Pascal requires every identifier occuring in a program to be either introduced by a declaration or to be imported. The only exception from this rule are the standard identifiers which can be regarded as automatically imported. Declarations also specify certain permanent properties of an item, such as whether it is a constant, type, variable or procedure. The identifier is then used to refer to the associated item.

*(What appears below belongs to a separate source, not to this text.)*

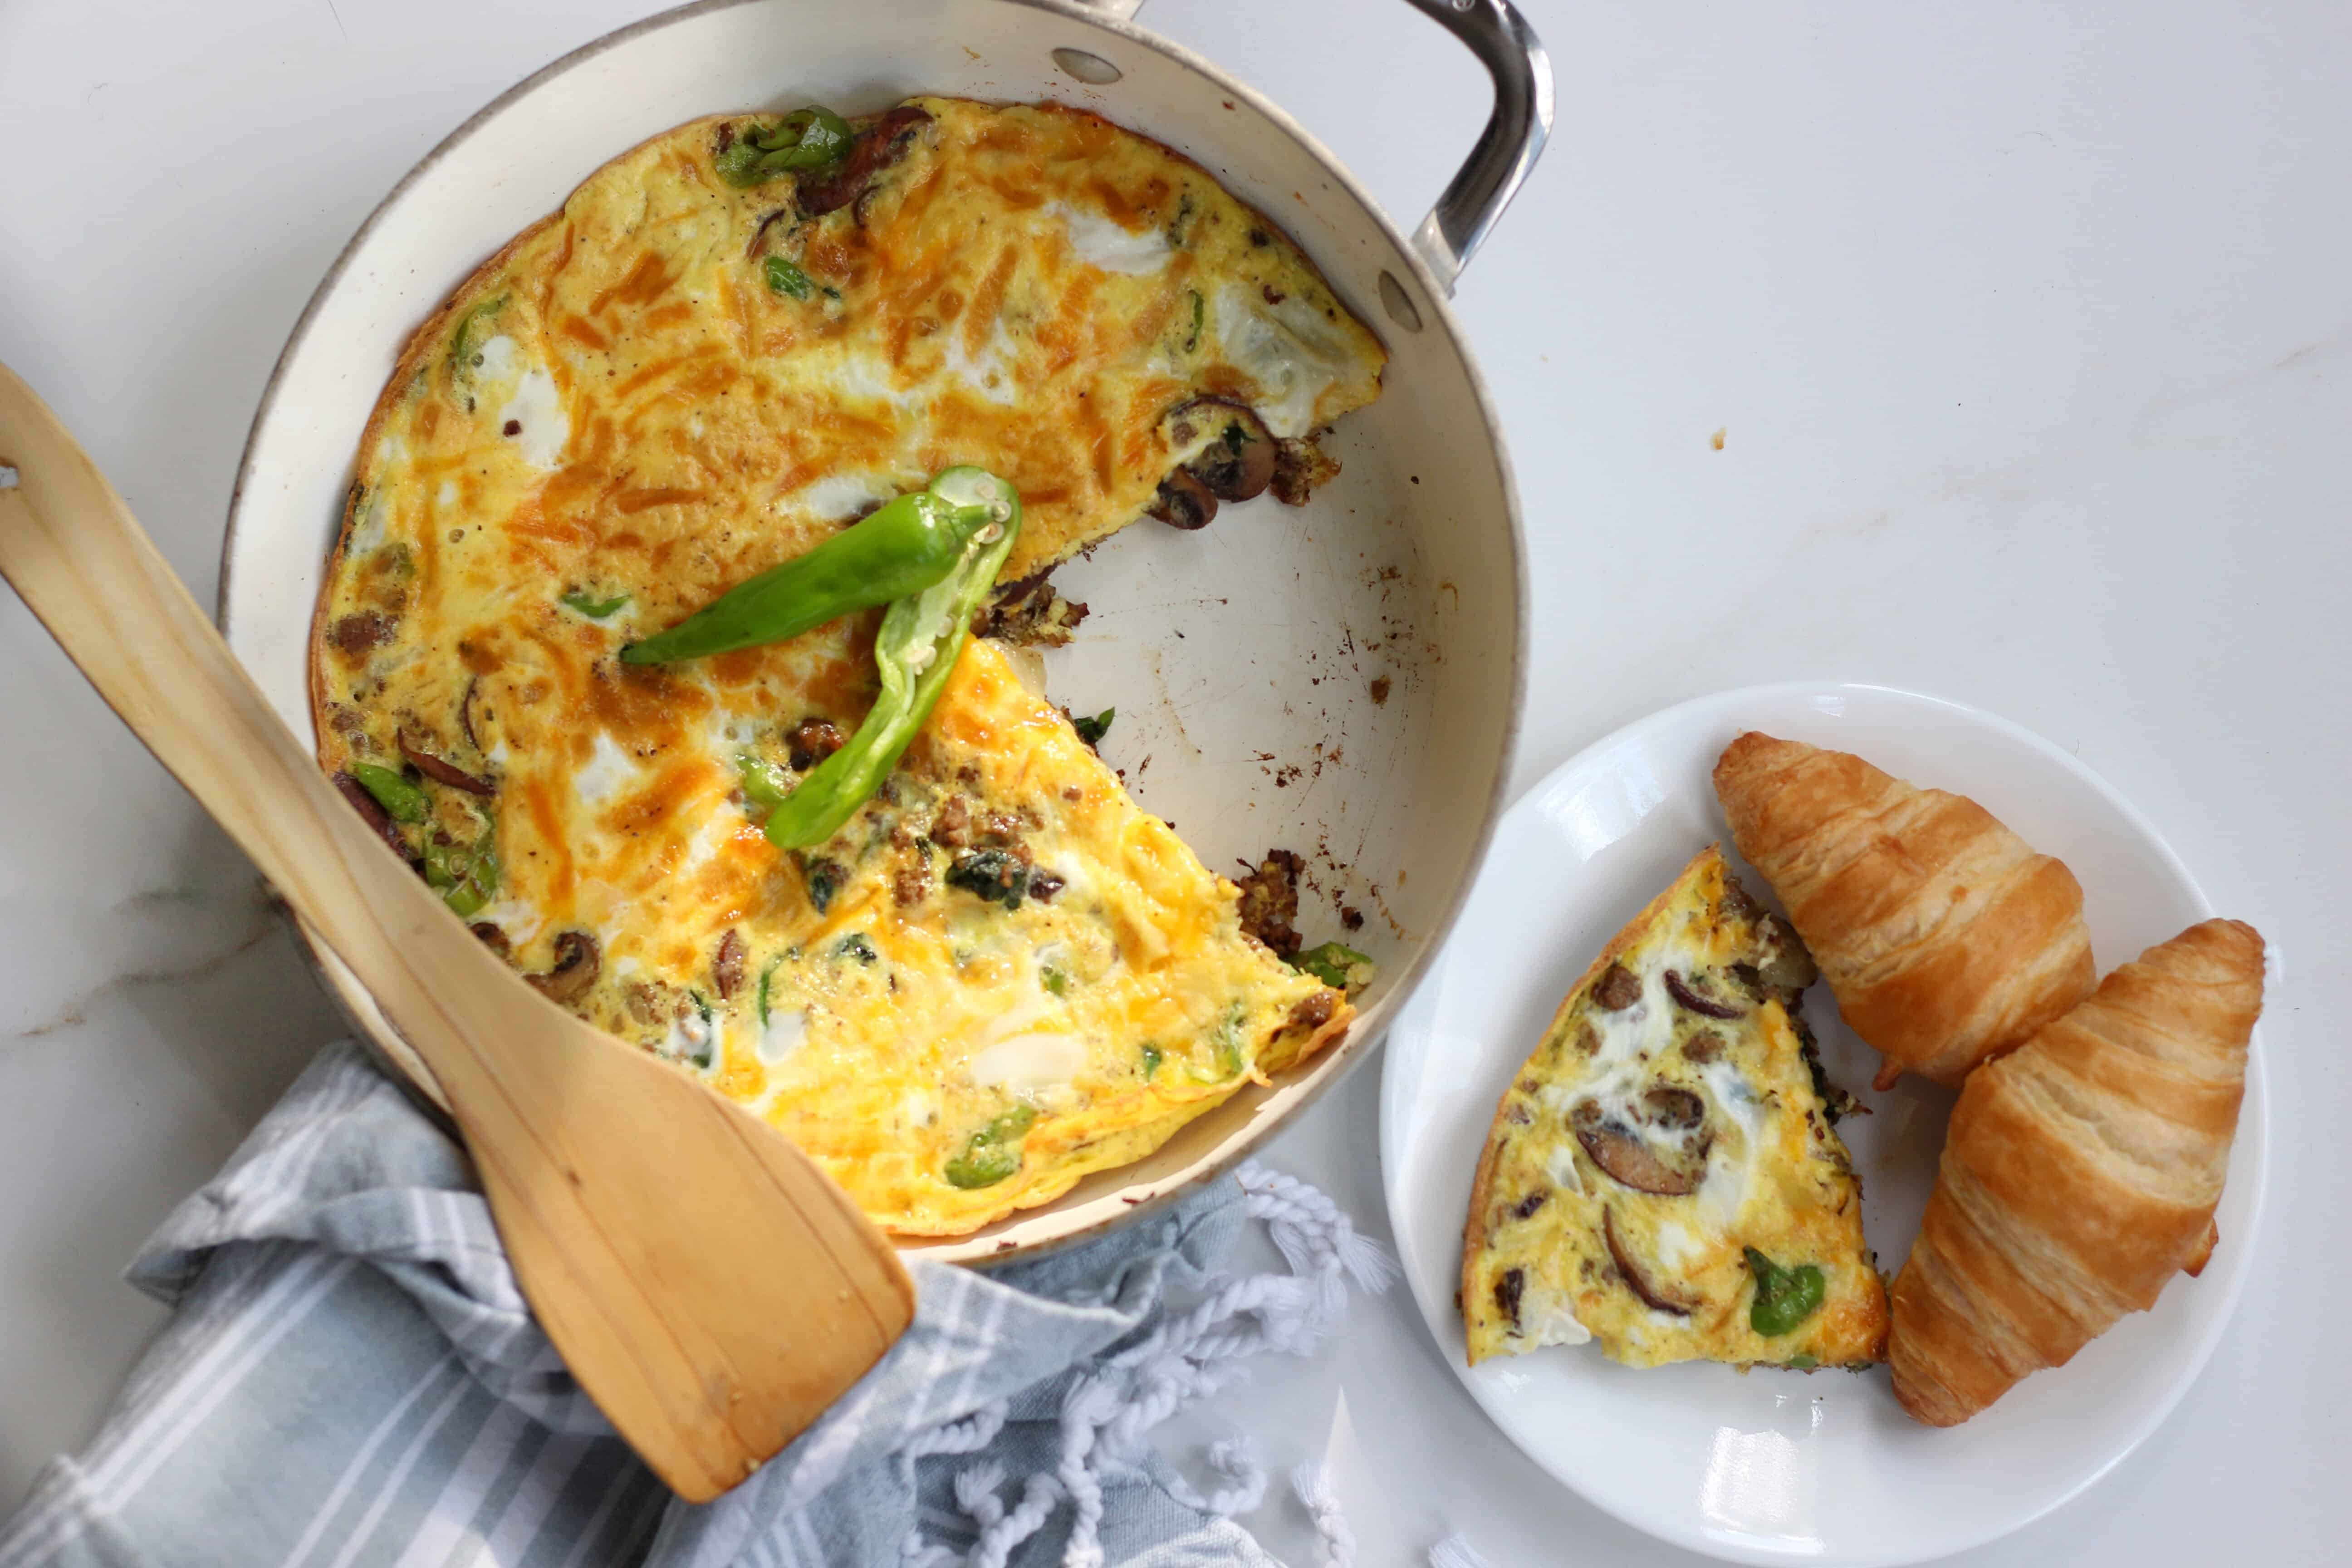 16-Mushroom and Pepper Omelette-1

The scope of an item extends textually from the point of its declaration to the end of the block. That is, it is local within its program, unit, procedure or record according to which its declaration belongs to. The visibility of an item also extends to nested scopes unless it is hidden there by another declaration of the same identifier. Here are the scope rules:

  1. No identifier may refer to more than one item within a given scope. That means an item cannot be declared twice in the in the same block.
  2. An item may only be referenced within its (possibly nested) scope.
  3. A type T of the form ^T1 (see pointer types) can be declared before the scope of T1. In this case, the declaration of T1 must follow in the same block to which T is local.
  4. If an identifier is defined in the interface part of a Pascal unit M1, it scope extends to all those Pascal units or programs which use M1 (see compilation units).
  5. Identifiers designating record fields (see record types) are valid only in record designators and in with statements referring to a variable of that record type.
  6. The class scope of a component identifier declared in a class type extends from the point of declaration to the end of the class-type definition, and it also extends over all descendants of the class type and the blocks of all method declarations of the class type. Also, the scope of component identifiers includes field and method designators, and with statements that operate on variables of the given class type.

An identifier may be qualified. In this case it is prefixed by another identifier which designates the Pascal unit in which the qualified identifier is defined. The prefix and the identifier are separated by a period.

qualident ::= qualident . <identifier>
          ::= <identifier>

Pascal also has a number of standard identifiers. These are automatically imported, as if a USES SYSTEM clause was specified. Though not being reserved words, standard identifiers should not be redeclared.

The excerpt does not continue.